4. int a[3][5] is a statically allocated two dimensional array. It is an array which elements are also arrays. Since it is not dynamically allocated, it is stored on stack or data segment (depending on where it is declared, inside or outside of some function). 5. int *a[5] is an array of pointers. So, firstly there is a statically allocated array (stack/data segment). Afterwards, we can dynamically allocate member arrays (but they will be on heap). 6. int **a is a pointer to a pointer. So, a contains an address of a place that also has an address where some integer is stored. So, a points to a place that also points to a place with the integer.

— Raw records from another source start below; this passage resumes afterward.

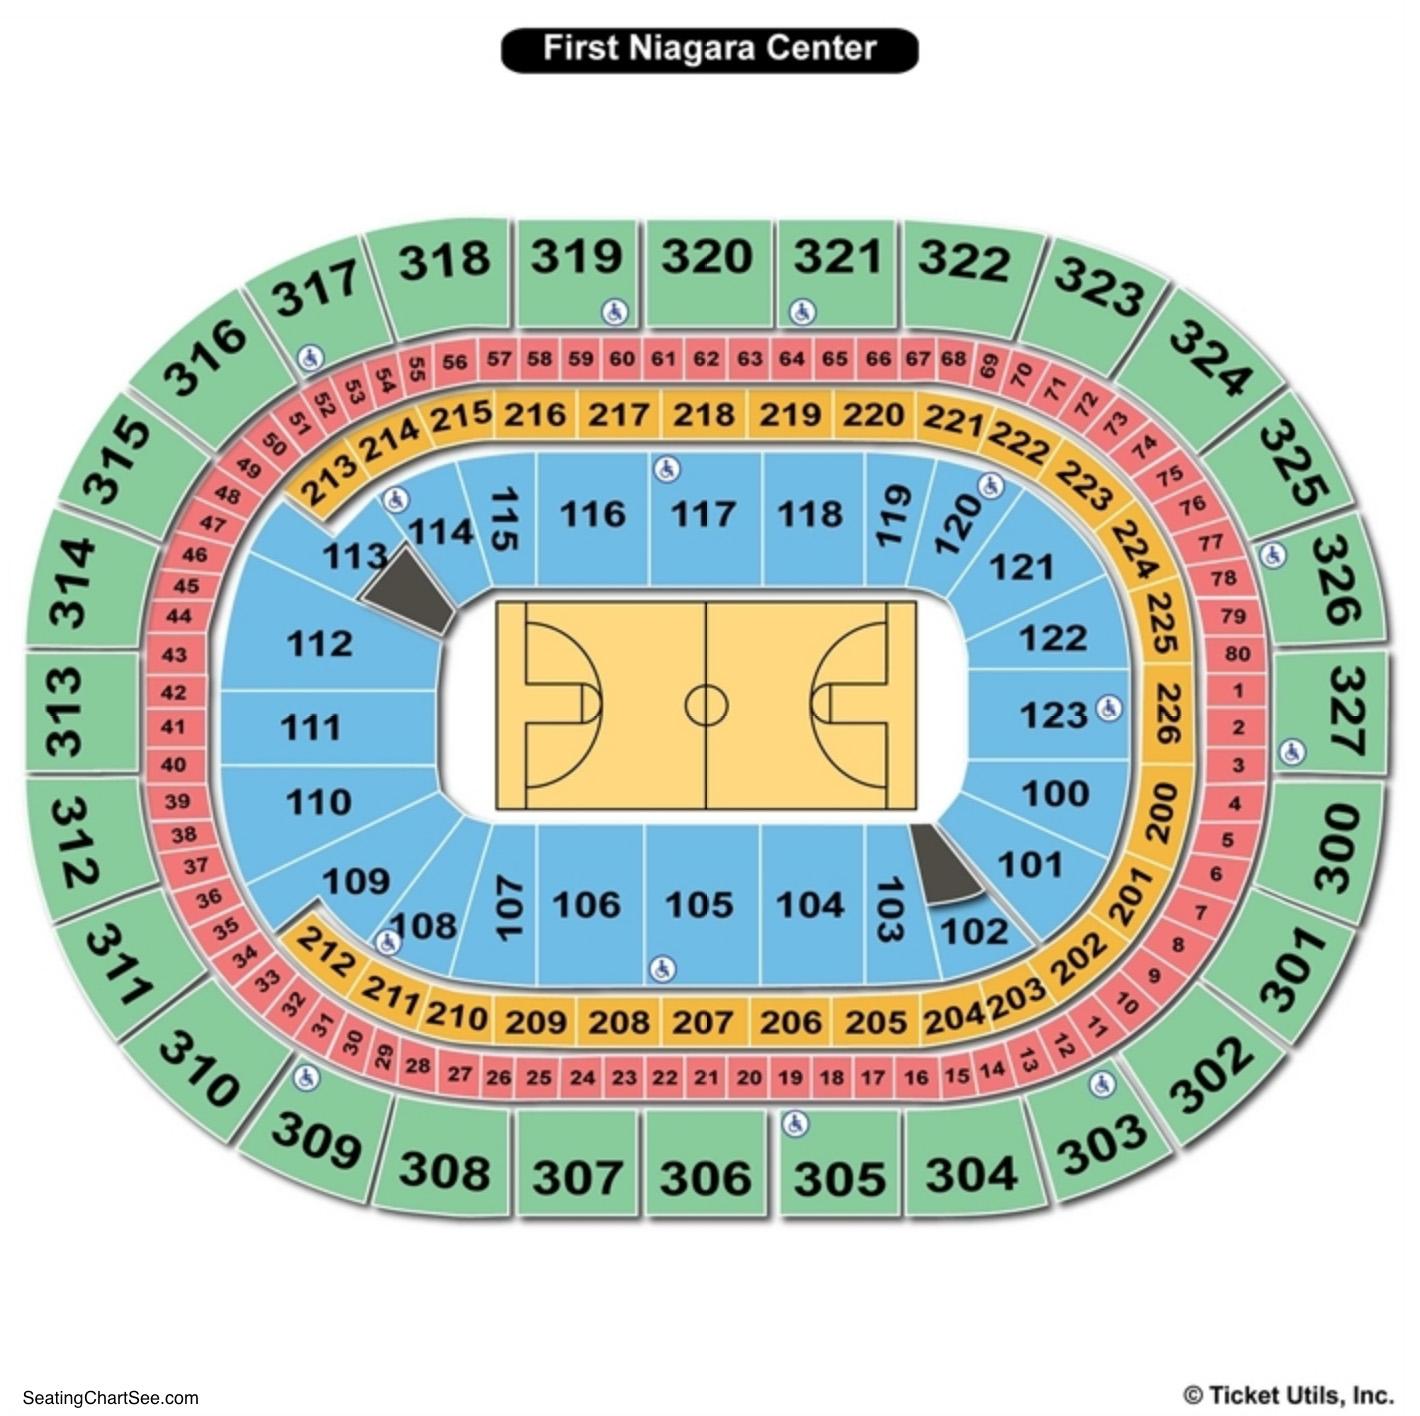 KeyBank Center Basketball Seating Chart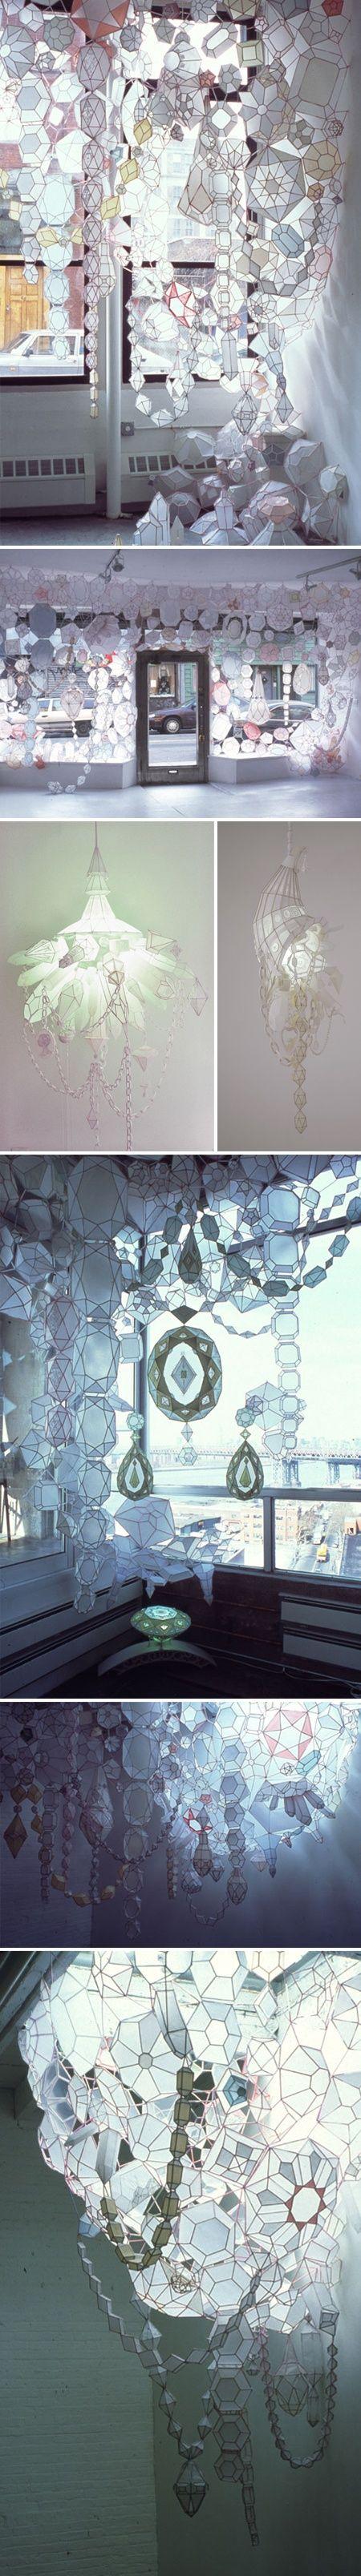 paper/mixed media installation artist Kirsten Hassenfeld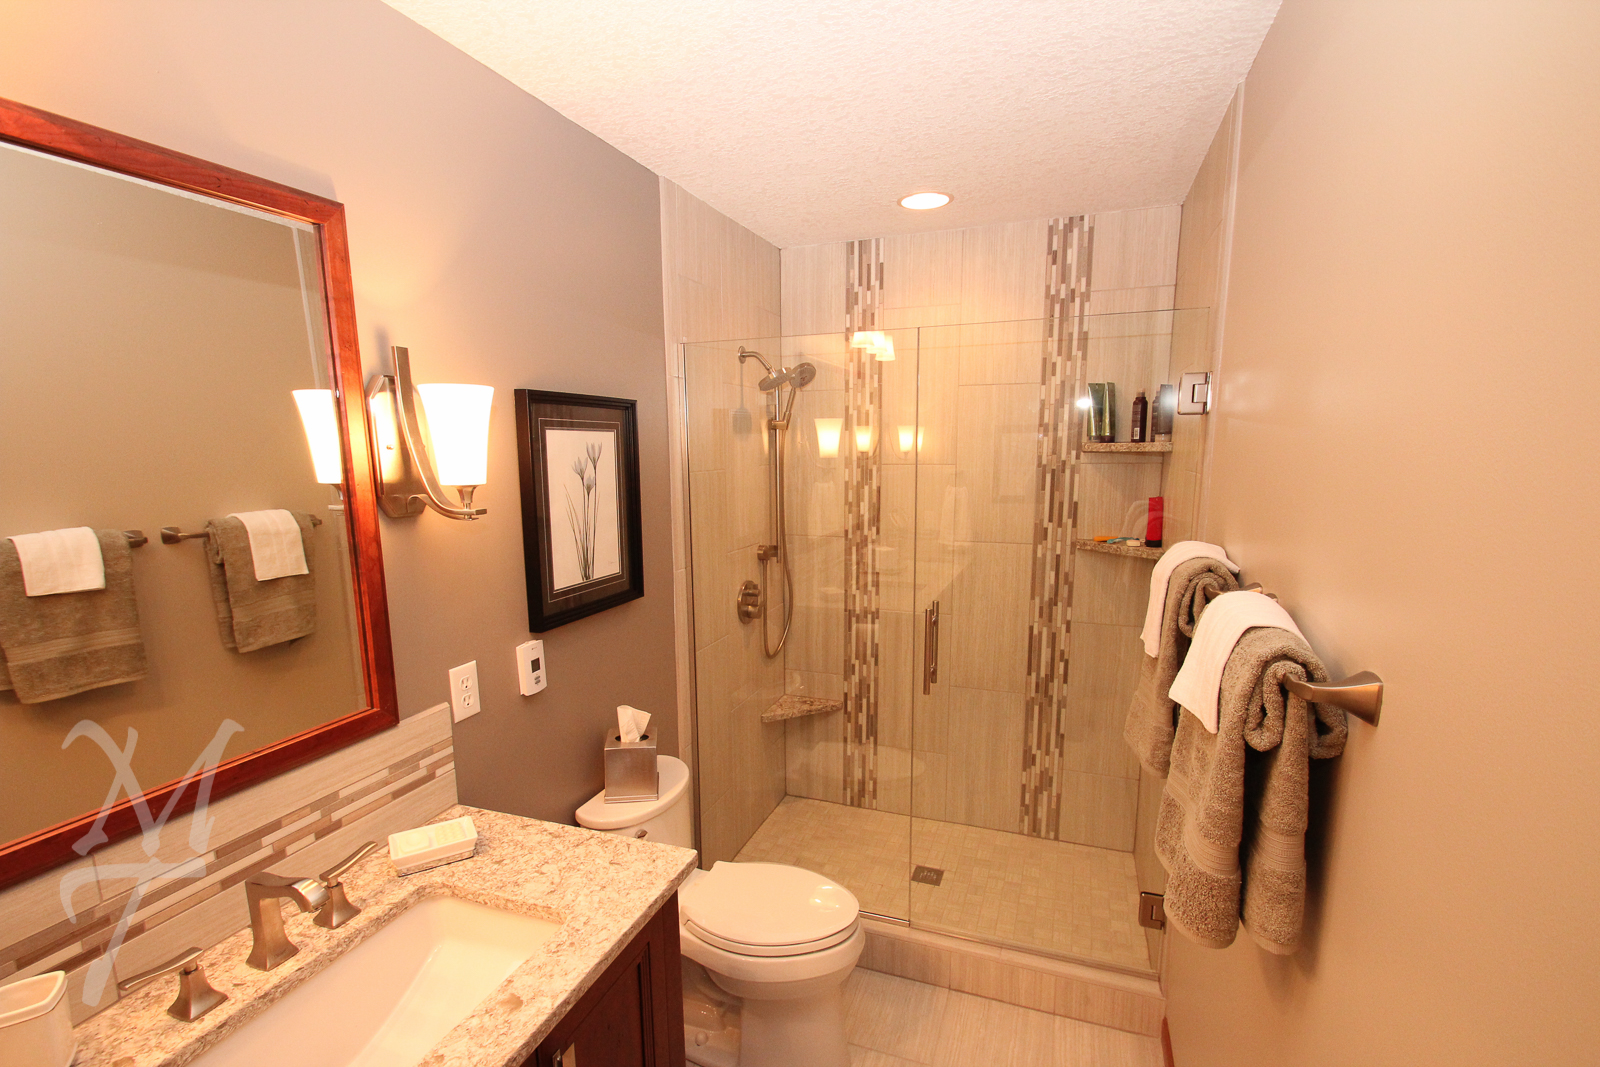 After_Bathroom_01B.jpg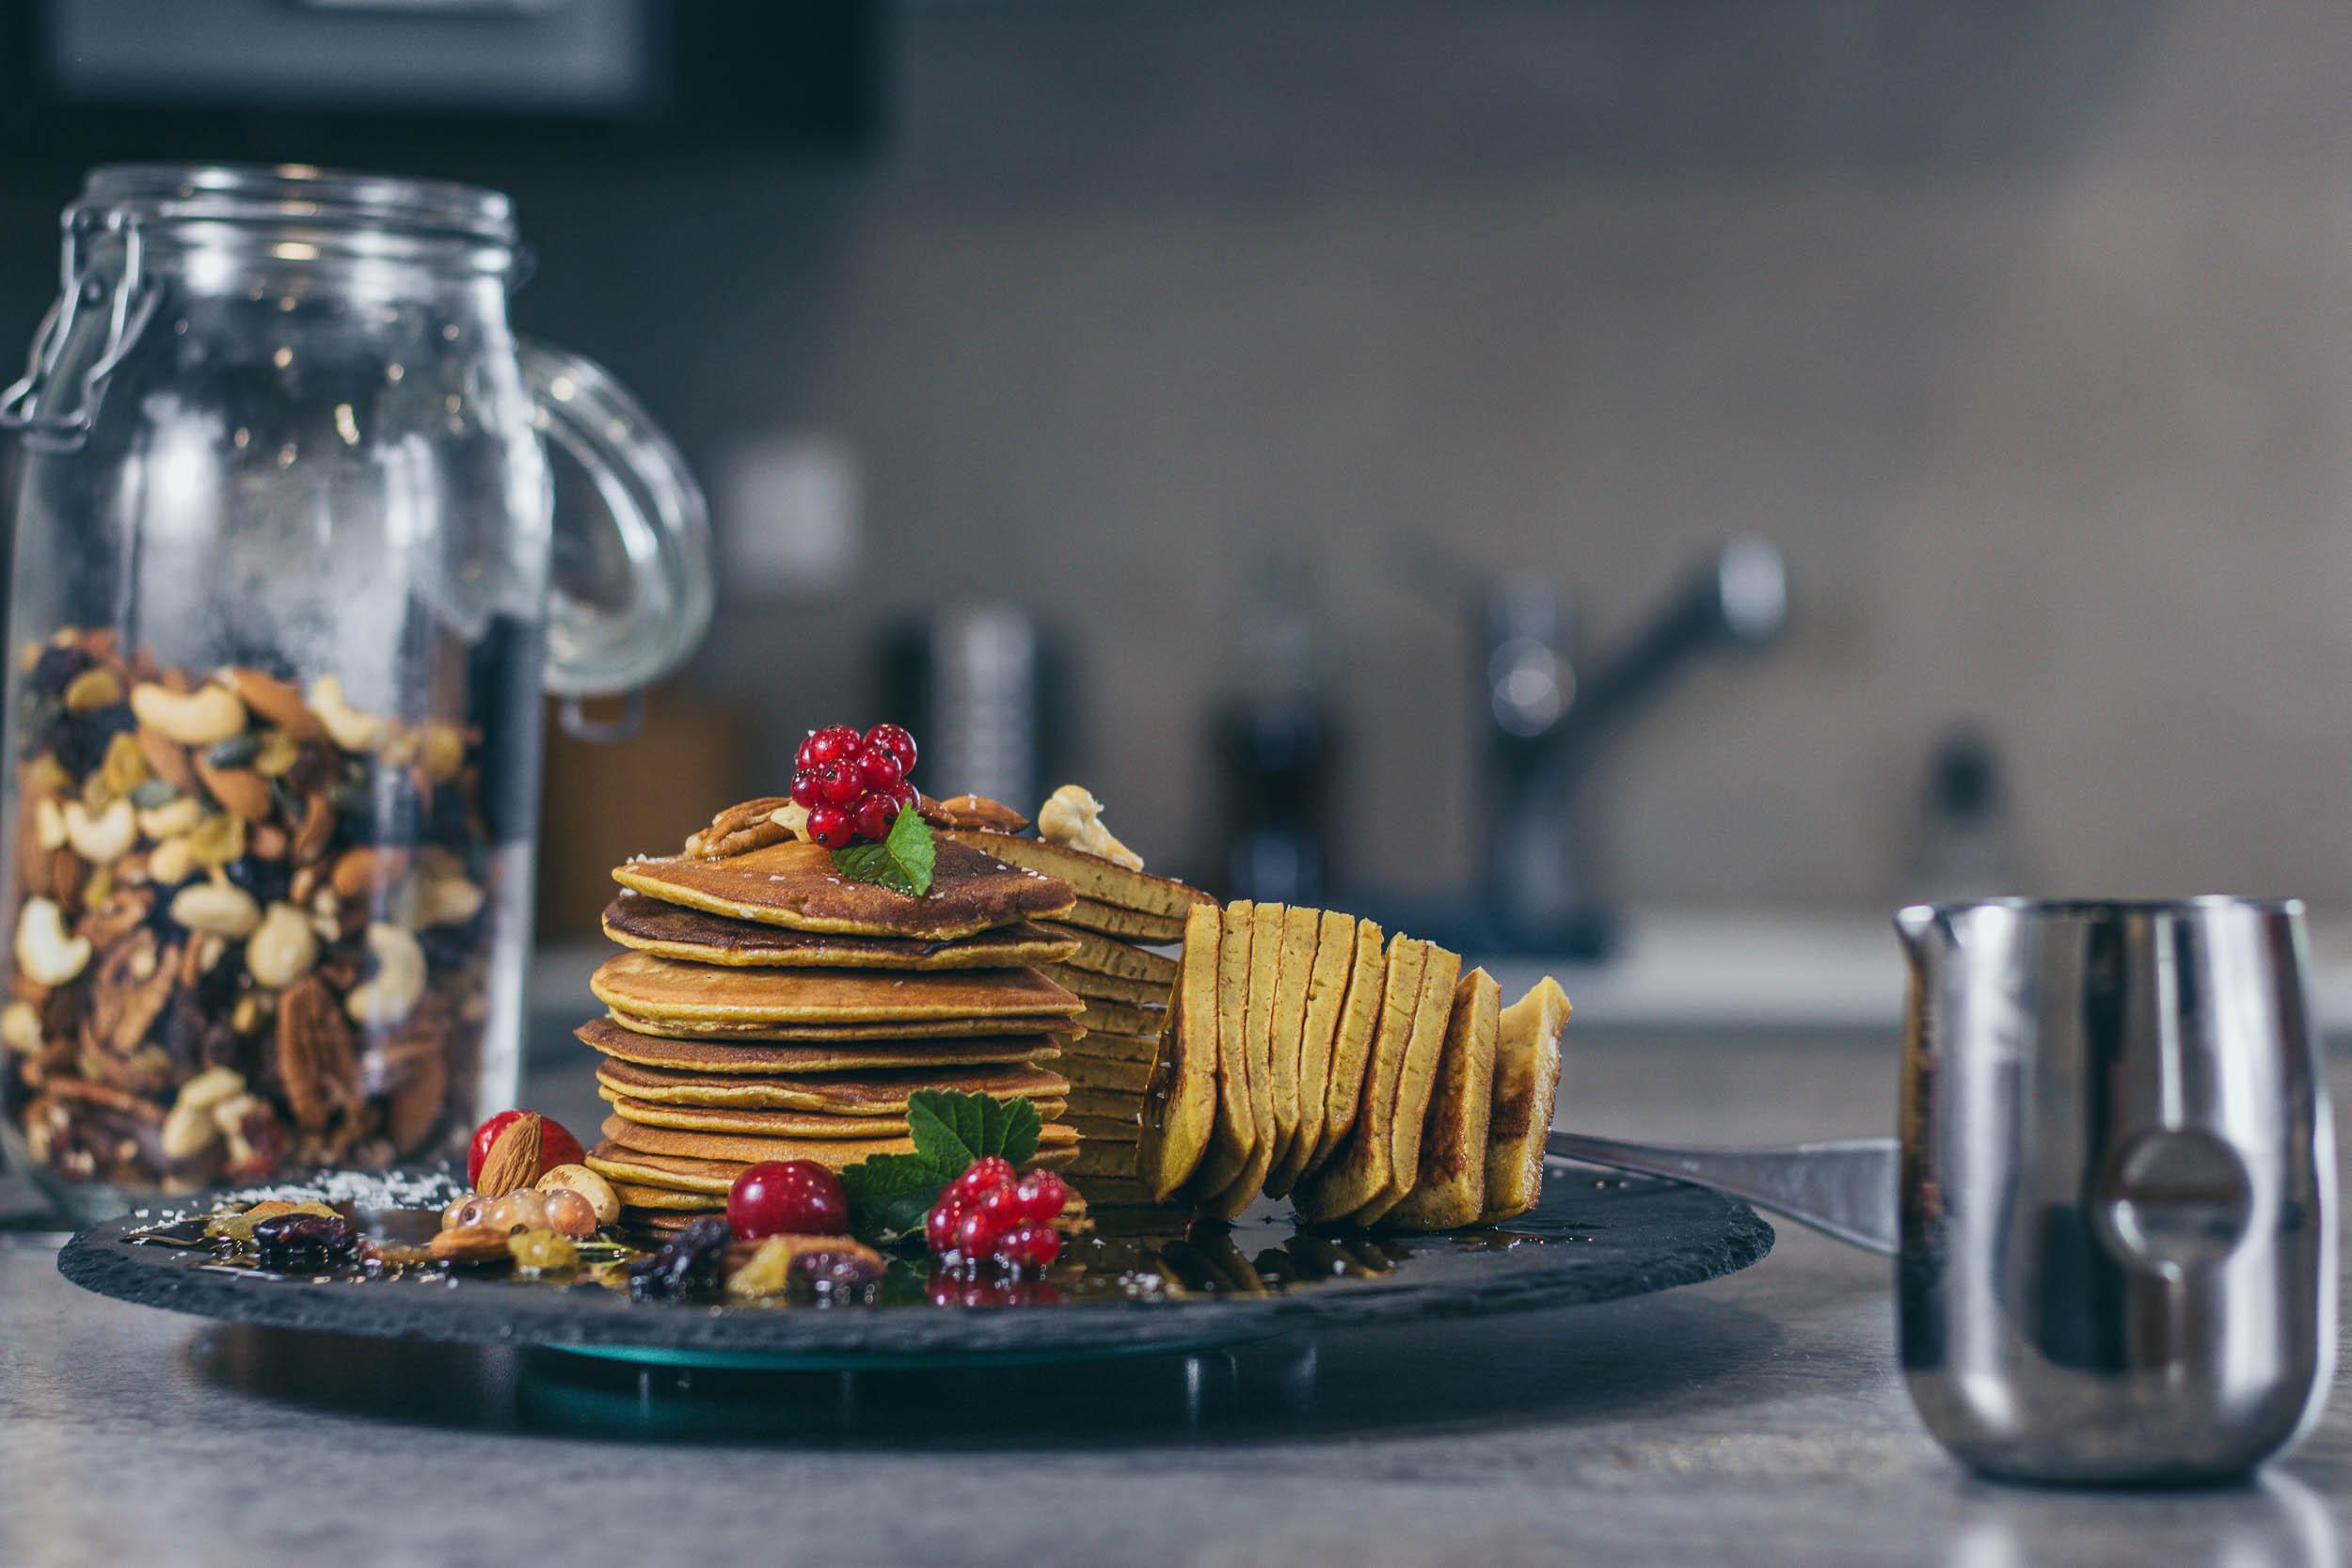 Culinaire-photographe-besançon-gui2raw

After step b) we said it should point to first of the five integers in the array (of course, in heap). What are members of this array? We said that a points to something that also points to something, so members are also pointers. We can say where these pointers point now. This is done after step c).

Finally, with chars we have the same situation as with integers. 7. is like case 1 (but you can see that we save one extra Byte for '\0') 8. is like case 5 Case with char ** would be like case 6.

And the (*) case is how your int argc and char **argv look like. These are arguments to the main() function, and are therefore stored in the stack frame for it. argv is pointer that points to the first of the elements that are also pointers, pointing to fist character in arrays of characters[it would be wrong to say that argv is 'array of arrays of chars', that would be true if we had char argv[50][50]; it would be wrong to say that argv is an array of pointers, that would be char *argv[50]). So, argv is pointer that points to the first of n pointers that point to first chars.

So, finally, argv[i] <=> *(argv+i) [this is how we retrieve ith pointer] That means *argv[i] <=> *(*(argv+i)) [this is how we retrieve where the ith pointer points at. It points at the first character of the ith argument!]

So, argv[i] is of type char *, and *argv[i] is of type char. You have tried to print argument with %s i.e. printf() expects "string" i.e. "array of chars" i.e. THE ADDRESS of the first char in a sequence of chars (which is what arrays in C actually store) and not just an actuall char.

I hope this helps. :)

You should be passing argv[i] not *argv[i] to printf in printArguments, as the type of argv is char **. So argv[i] is of type char * and *argv[i] is of type char. The %s specifier to printf expects a char * argument.

You should also be passing argv as the argument to printArguments, not **argv for the same reasons. You want to pass the entire list of arguments, not a pointer to the first character of the first argument. I'm surprised you're not getting a warning for that as well.